Эти результаты указывают на серьезные различия между культурой, господствующей в сообществе специалистов по управлению данными, и культурой сообщества сторонников «скорой» (agile) разработки, во главу угла ставящих качество. Согласно наблюдениям Data Warehouse Institute, одни только проблемы, связанные с качеством данных, ежегодно обходятся американским компаниям в 600 млн долл. Традиционные подходы к управлению данными не оправдали возложенных на них надежд, так и не обеспечив высокое качество данных в организации. Результаты опроса — еще одно свидетельство того, что такие подходы к управлению данными неэффективны, а эволюционные методы скорой разработки оказываются более предпочтительными.

Данные — это лишь один из множества аспектов, учитываемых при выполнении приложения, и я уверен, что сообщество управления данными значительно отстает от сообщества программного обеспечения в том, что касается повышения эффективности используемых ими методов. Как правило, методы скорой разработки включают в себя поэтапную апробацию, что вместе с ранним тестированием позволяет добиться более высокого качества. Я показал, что методы контроля качества, используемые при «скорой» разработке, применимы и при создании баз данных [1]. Так почему же о них ничего не слышно в сообществе разработчиков баз данных?

История разногласий

Тот факт, что специалисты по данным не спешат внедрять эволюционные методы или методы «скорой» разработки — это следствие известного технического диссонанса между объектно-ориентированной технологией и технологией реляционных баз данных. Такое разногласие вызвано различными теоретическими основами этих двух технологий — программного инжиниринга и математики. Вопреки приводимым аргументам, ни одна из технологий не превосходит другую — они просто различны, и иногда крайне сложно использовать их вместе.

Первое расхождение

Как же так получилось? На рис. 1 показано, что объектная технология впервые появилась в конце 1960-х годов, а бизнес-сообщество приняло ее в конце 1980-х — начале 1990-х годов. Это и стало первой точкой расхождения между двумя сообществами. До этого момента они во многом опирались на одни и те же принципы и стратегии. Нельзя сказать, что это было хорошо но, по крайней мере, они оставались в достаточной степени согласованными друг с другом.
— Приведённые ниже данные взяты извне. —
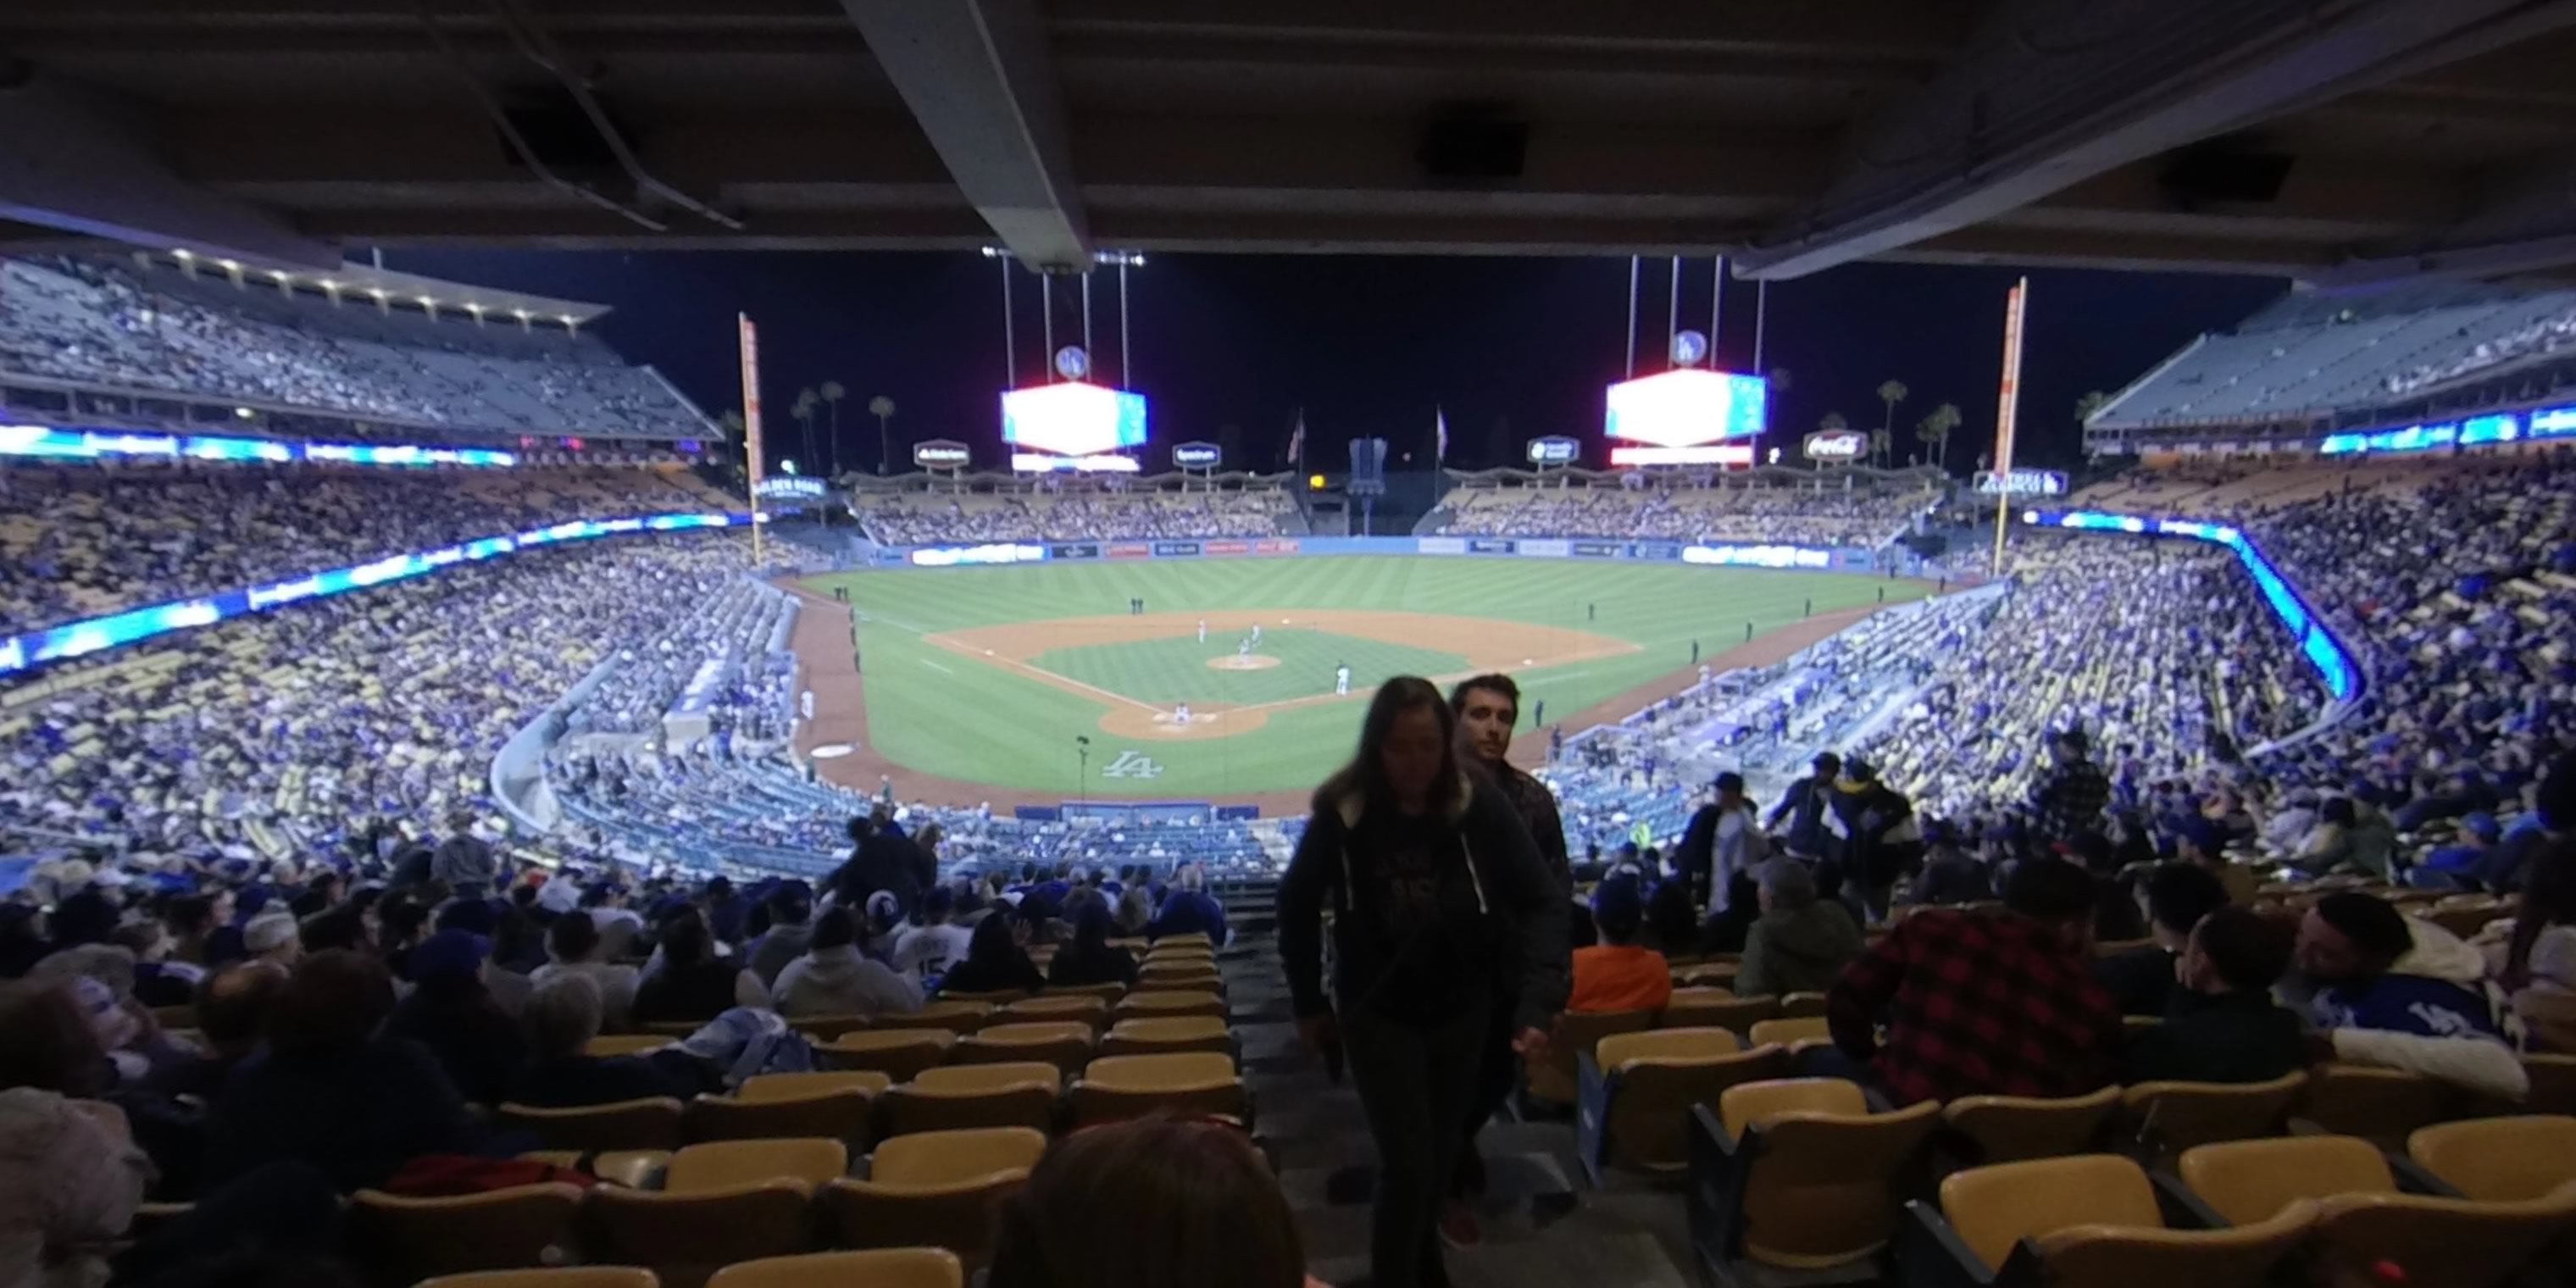 section 106 panoramic seat view  - dodger stadium

Расхождение между сообществами специалистов по данным и по разработке

Объектная революция привела к разногласиям, которые существуют до сих пор. И, как и в случае с большинством технологических революций, появление объектной технологии сопровождала обычная шумиха под лозунгами о том, что наконец-то, найдено универсальное средство — «все есть объект, и объектная технология — единственное, что вам когда-нибудь потребуется». Время расставило все по своим местам, но один из лозунгов нанес ощутимый вред, а именно: идея о том, что чисто объектный подход, поддержанный объектной основой, быстро сведет на нет использование реляционных технологий. Более того, результаты серьезных научных исследований, проведенных в конце 1980-х — начале 1990-х годов, действительно показали, что не следовало использовать структурные объекты для языков объектной реализации, таких как C++ или Smalltalk, или объектных моделей для языков структурной реализации, таких как Cobol или Basic. Все это вынудило многих в объектном сообществе утверждать, что объекты и реляционные базы данных не должны использоваться вместе.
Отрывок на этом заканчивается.